What is the best way to store unsigned longs in sorted sets?
Thanks to Andre for his answer. Here are my findings.
Storing ints directly
Redis keys must be strings. If you want to pass an integer, it has to be some kind of string. For small, well-defined sets of values, Redis will parse the string into an integer, if it is one. My guess is that it will use this int to tailor its hash function (or even statically dimension a hash table based on the value). This works for small values (examples being the default values of 64 entries of a value of up to 512). I will test for larger values during my investigation.
http://redis.io/topics/memory-optimization
Storing as strings
The alternative is squashing the integer so it looks like a string.

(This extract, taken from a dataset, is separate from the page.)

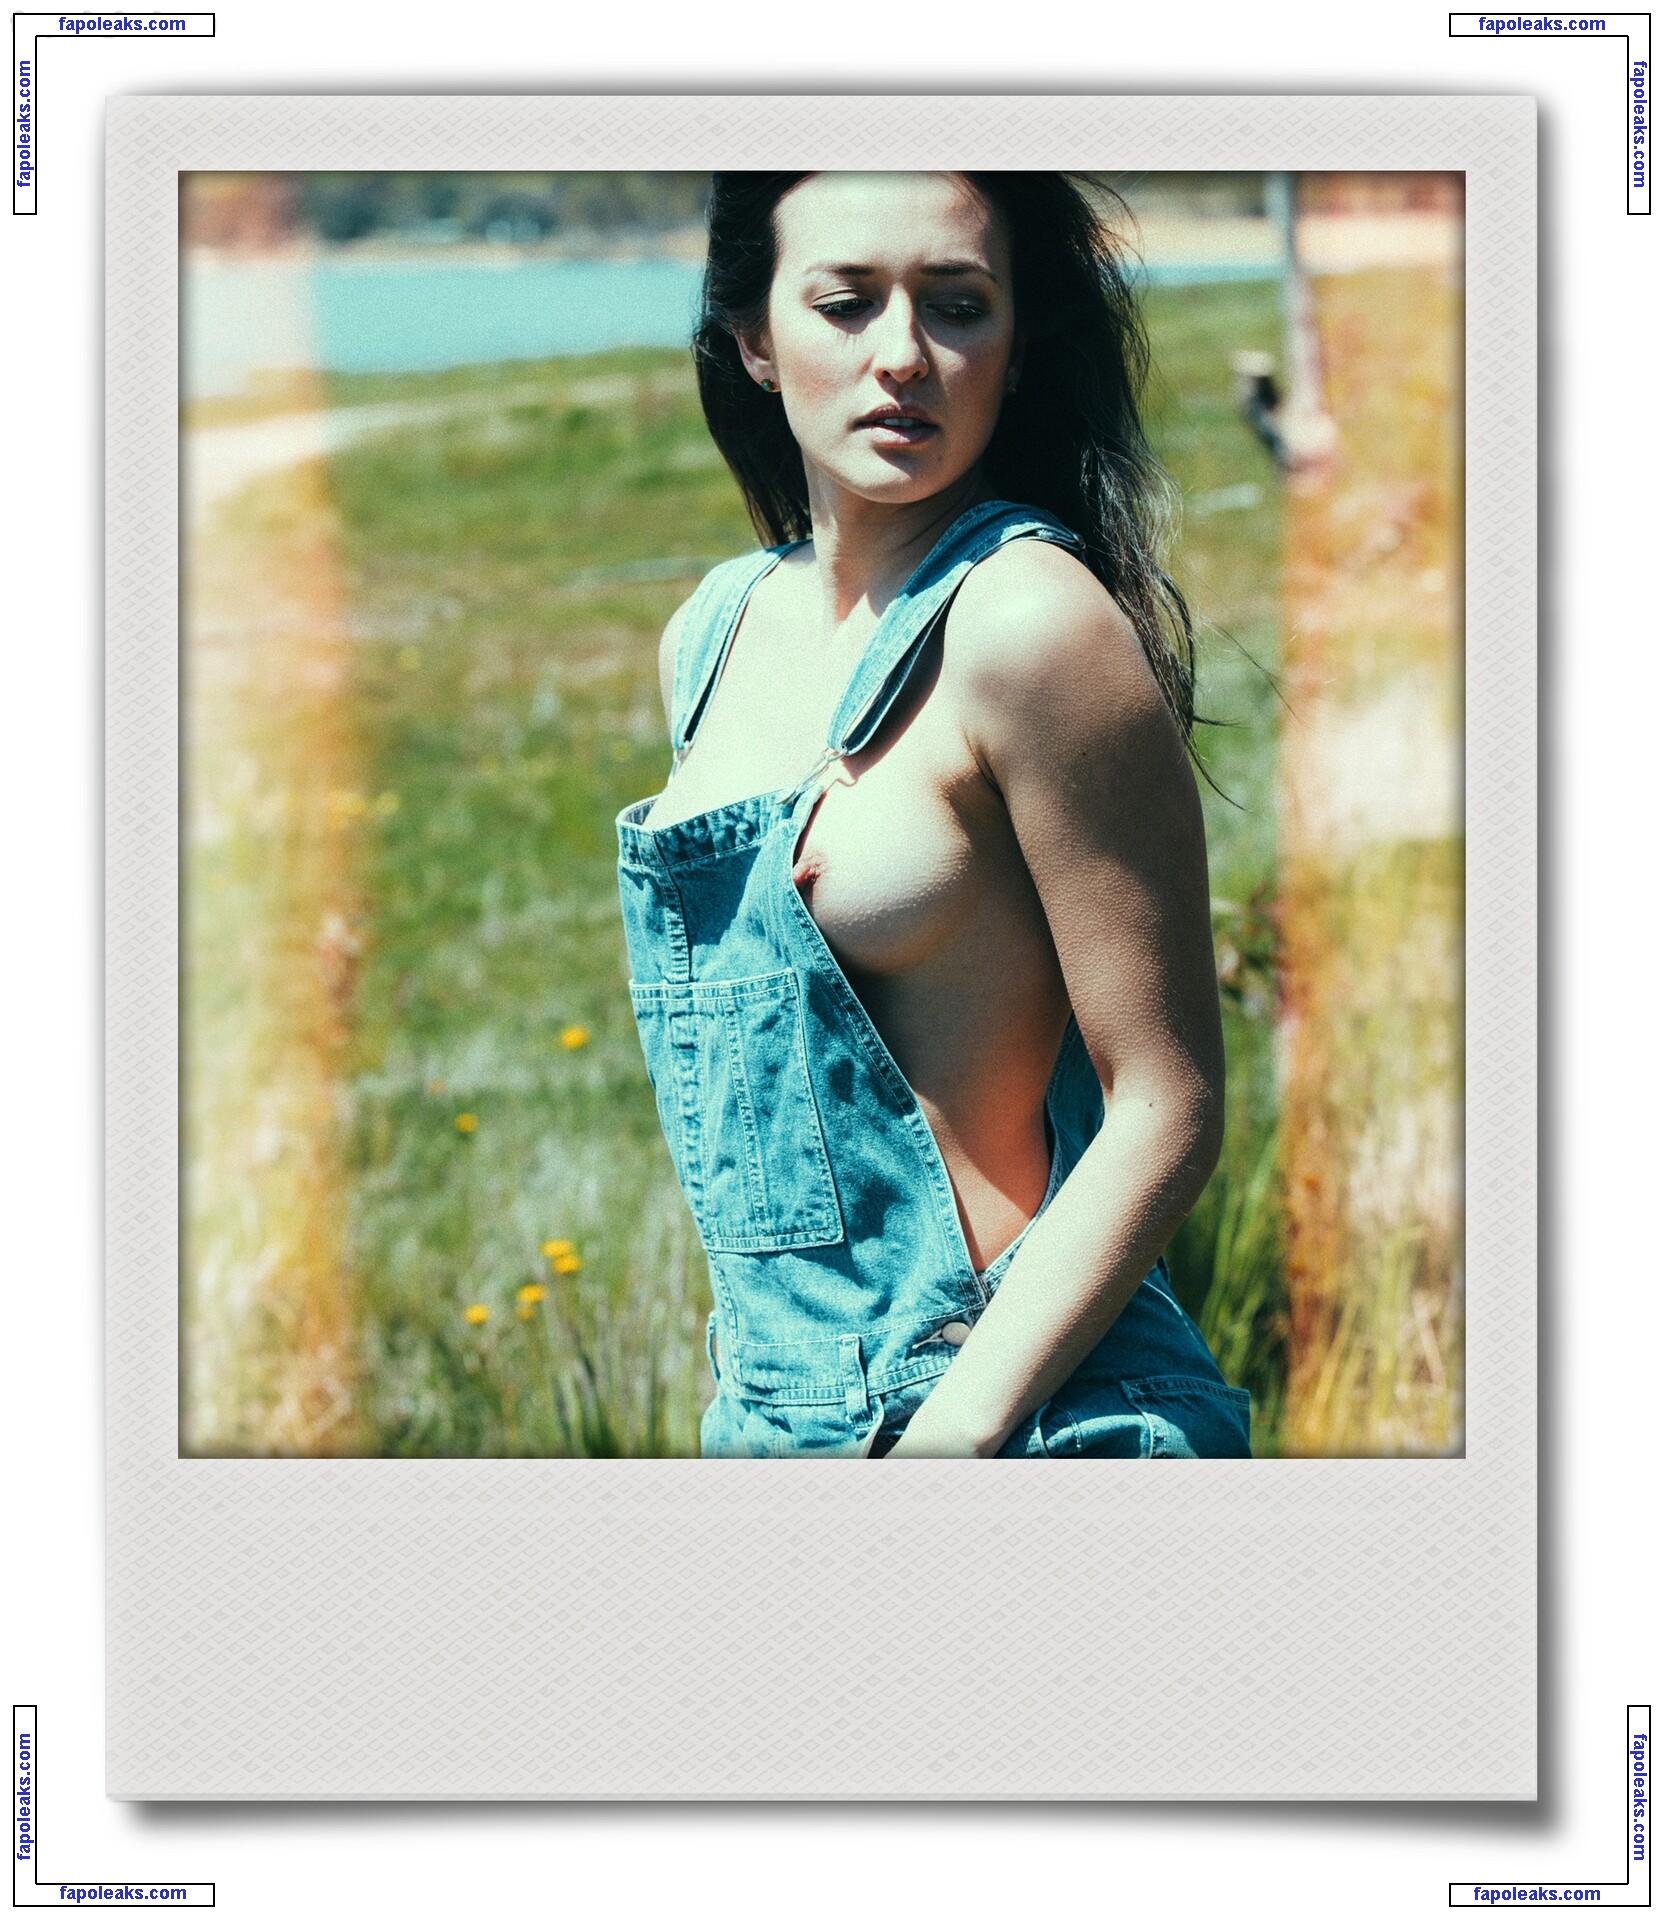 Melissa Mai / _melissa_mai nude photo #0016 from OnlyFans

It looks like it is possible to use any byte string as a key.
For my application's case it actually didn't make that much difference storing the strings or the integers. I imagine that the structure in Redis undergoes some kind of alignment anyway, so there may be some pre-wasted bytes anyway. The value is hashed in any case.
Using Python for my testing, so I was able to create the values using the struct.pack. long longs weigh in at 8 bytes, which is quite large. Given the distribution of integer values, I discovered that it could actually be advantageous to store the strings, especially when coded in hex.
As redis strings are "Pascal-style":
struct sdshdr {
long len;
long free;
char buf[];
};
and given that we can store anything in there, I did a bit of extra Python to code the type into the shortest possible type:
def do_pack(prefix, number):
"""
Pack the number into the best possible string. With a prefix char.
"""
# char
if number < (1 << 8*1):
return pack("!cB", prefix, number)
# ushort
elif number < (1 << 8*2):
return pack("!cH", prefix, number)
# uint
elif number < (1 << 8*4):
return pack("!cI", prefix, number)
# ulonglong
elif number < (1 << 8*8):
return pack("!cQ", prefix, number)
This appears to make an insignificant saving (or none at all). Probably due to struct padding in Redis. This also drives Python CPU through the roof, making it somewhat unattractive.
The data I was working with was 200000 zsets of consecutive integer => (weight, random integer) × 100, plus some inverted index (based on random data). dbsize yields 1,200,001 keys.
Final memory use of server: 1.28 GB RAM, 1.32 Virtual. Various tweaks made a difference of no more than 10 megabytes either way.
So my conclusion:
Don't bother encoding into fixed-size data types. Just store the integer as a string, in hex if you want. It won't make all that much difference.
References:
http://docs.python.org/library/struct.html
http://redis.io/topics/internals-sds
I'm not sure of this answer, it's more of a suggestion than anything else. I'd have to give it a try and see if it works.
As far as I can tell, Redis only supports UTF-8 strings.
I would suggest grabbing a bit representation of your long integer and pad it accordingly to fill up the nearest byte. Encode each set of 8 bytes to a UTF-8 string (ending up with 8x*utf8_char* string) and store that in Redis. The fact that they're unsigned means that you don't care about that first bit but if you did, you could add a flag to the string.
Upon retrieving the data, you have to remember to pad each character to 8 bytes again as UTF-8 will use less bytes for the representation if the character can be stored with less bytes.
End result is that you store a maximum of 8 x 8 byte characters instead of (possibly) a maximum of 64 x 8 byte characters.